**WHAT YOU WILL DO:** All of the data must be output exactly, with every picture left out.

**INFORMATION PROVIDED:**
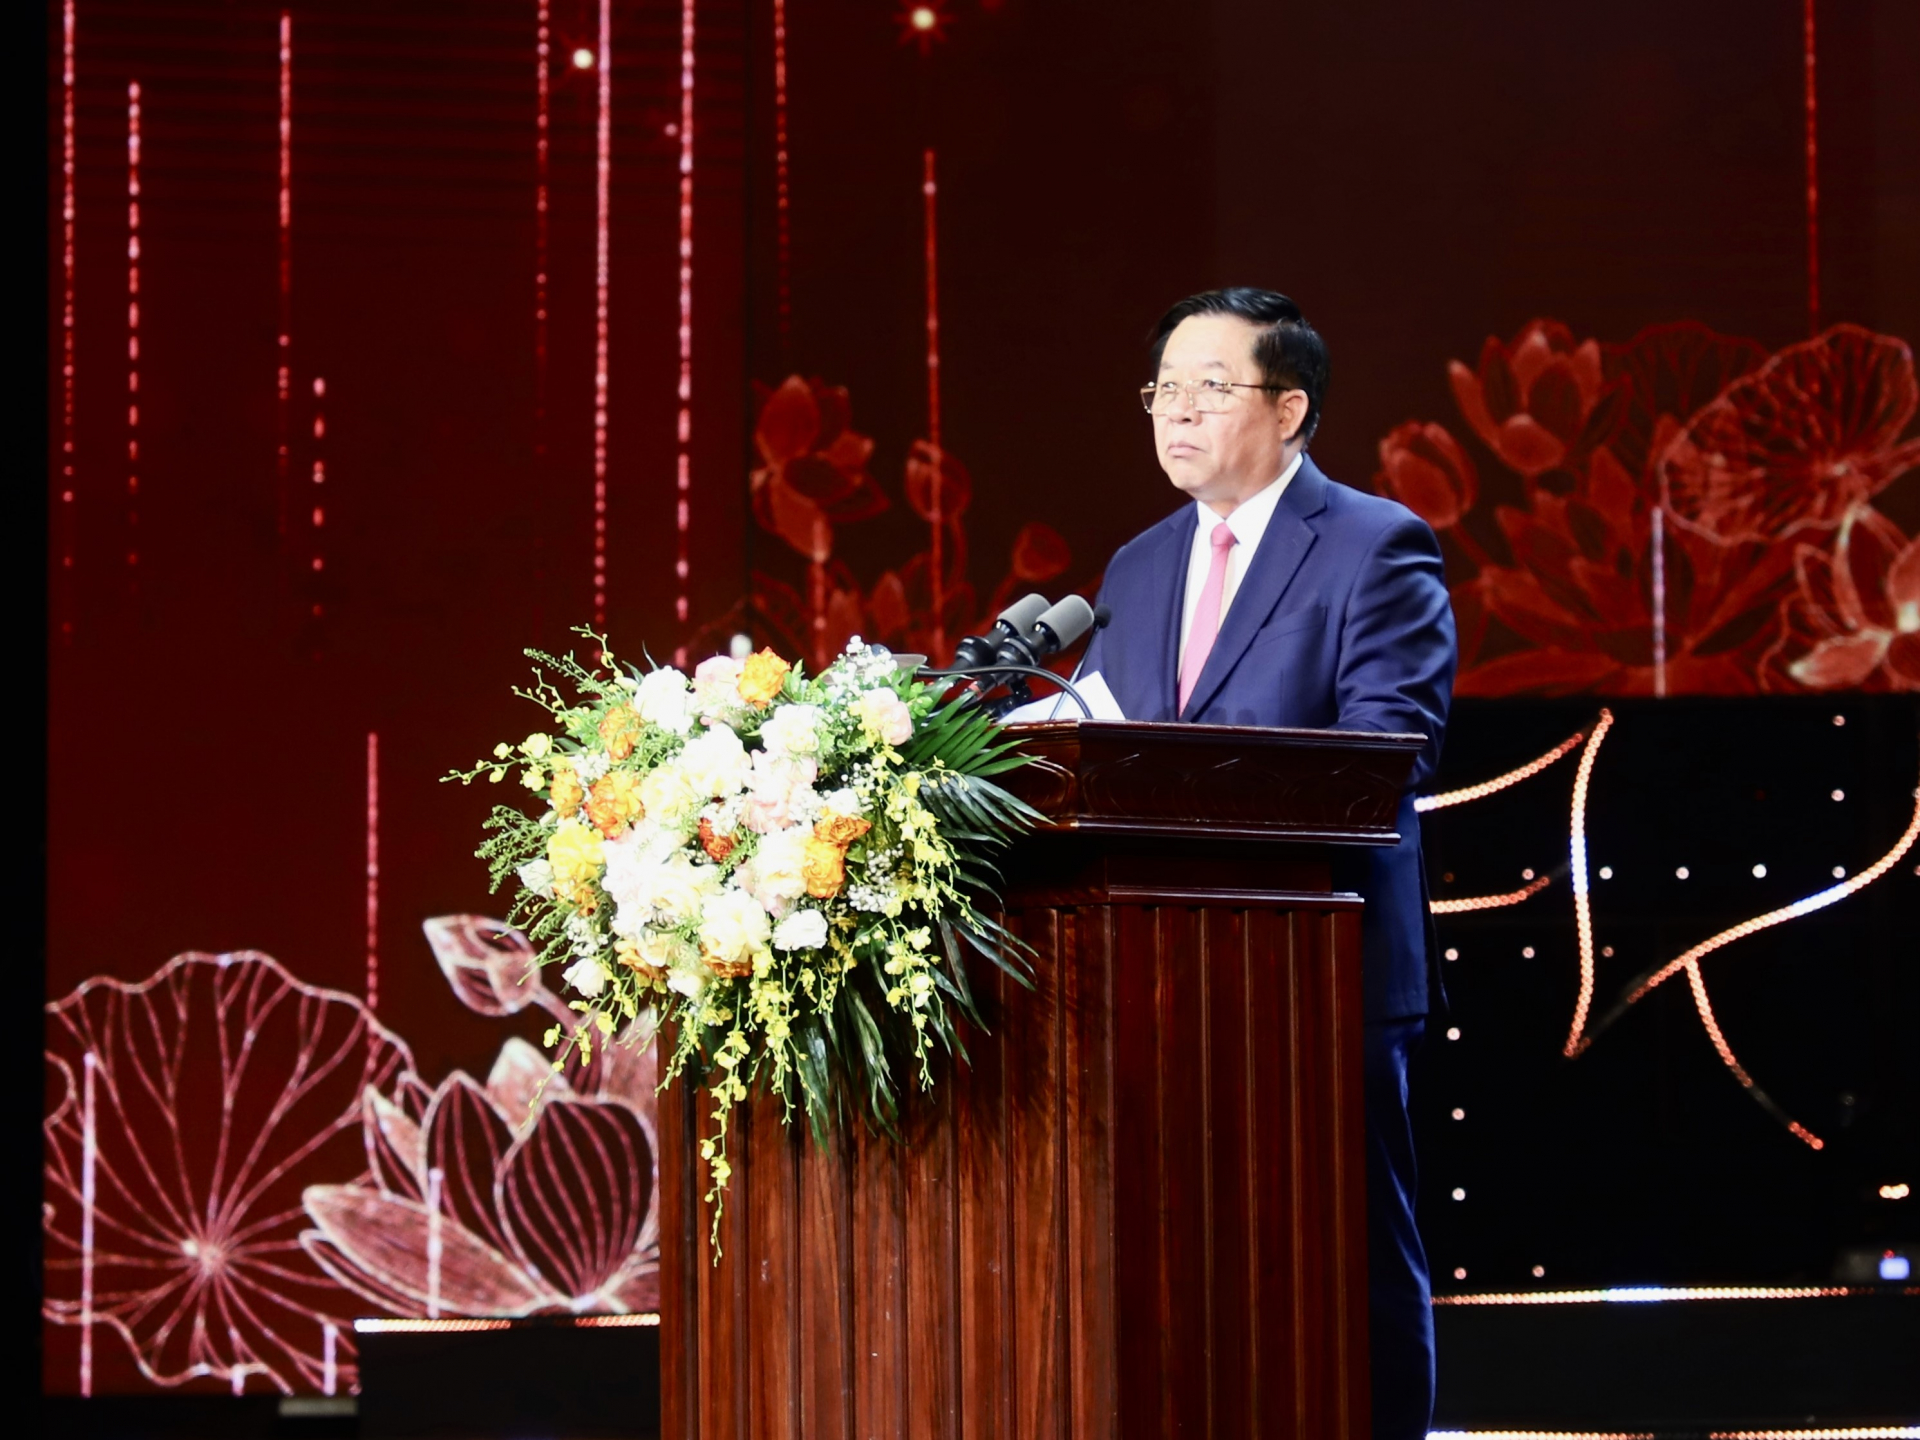 Đồng chí Nguyễn Trọng Nghĩa, Trưởng ban Tuyên giáo T.Ư phát biểu tại buổi lễ
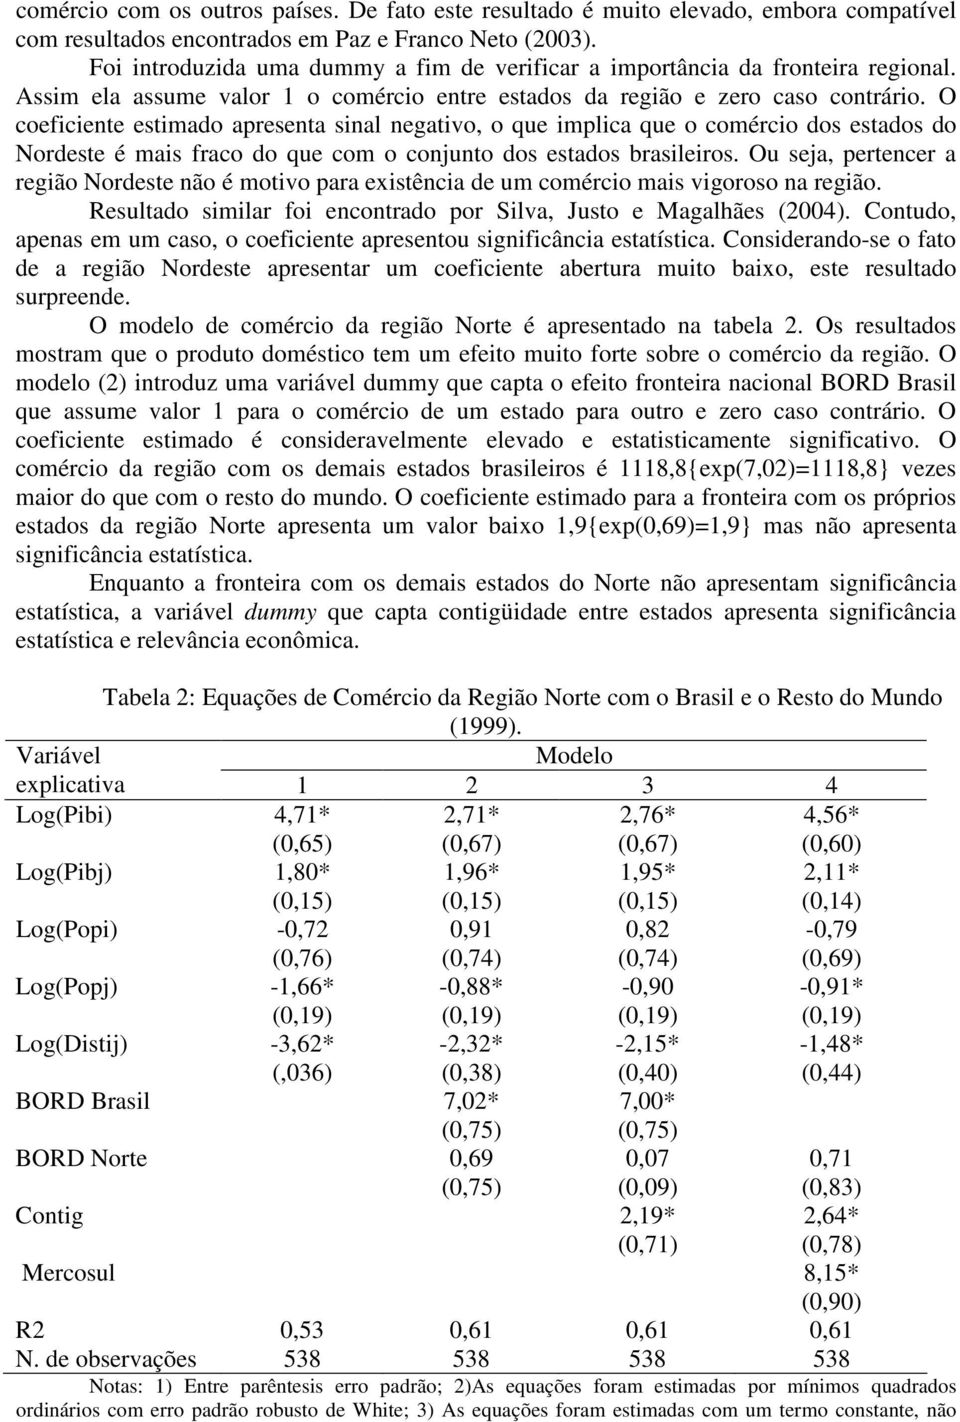 O coeficiente estimado apresenta sinal negativo, o que implica que o comércio dos estados do Nordeste é mais fraco do que com o conjunto dos estados brasileiros.
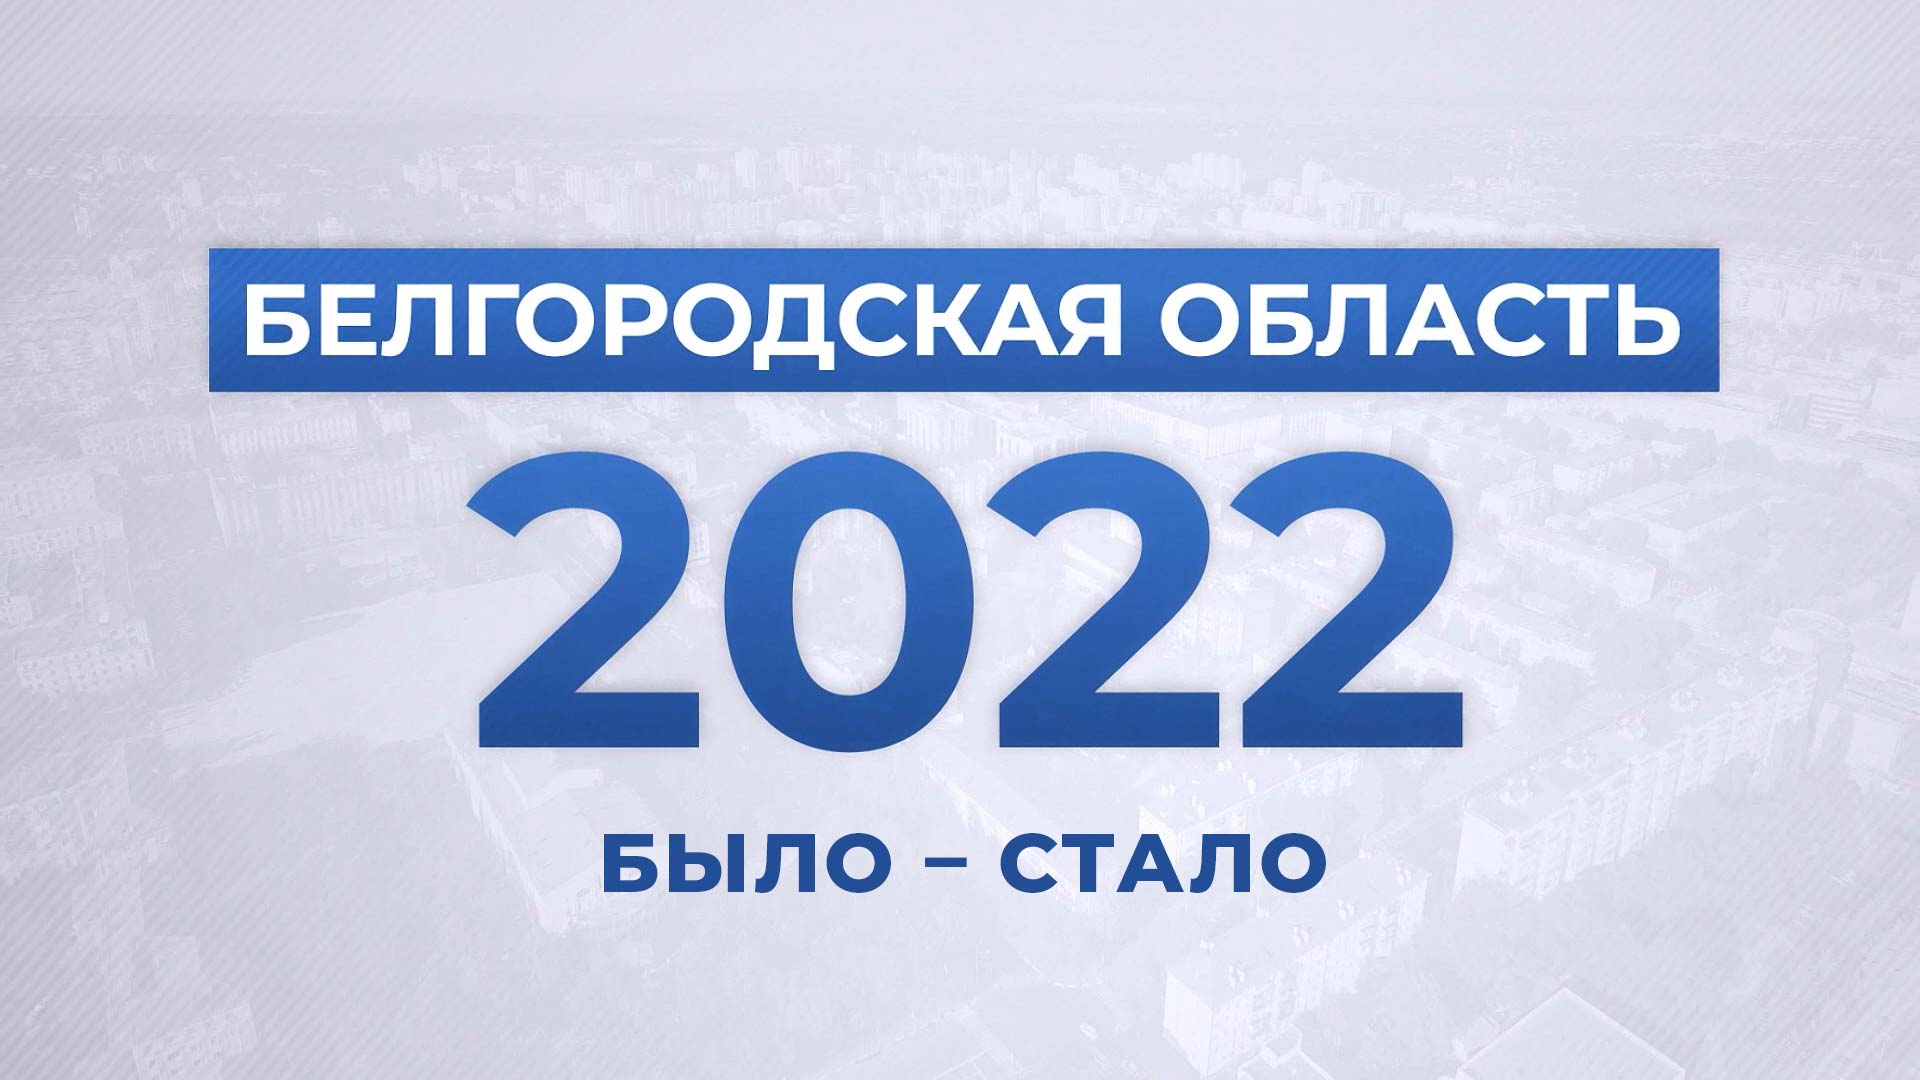 Белгородская область – 2022. Было – Стало

**SOLUTION:**
 Đồng chí Nguyễn Trọng Nghĩa, Trưởng ban Tuyên giáo T.Ư phát biểu tại buổi lễ
 O coeficiente estimado apresenta sinal negativo, o que implica que o comércio dos estados do Nordeste é mais fraco do que com o conjunto dos estados brasileiros.
 Белгородская область – 2022. Было – Стало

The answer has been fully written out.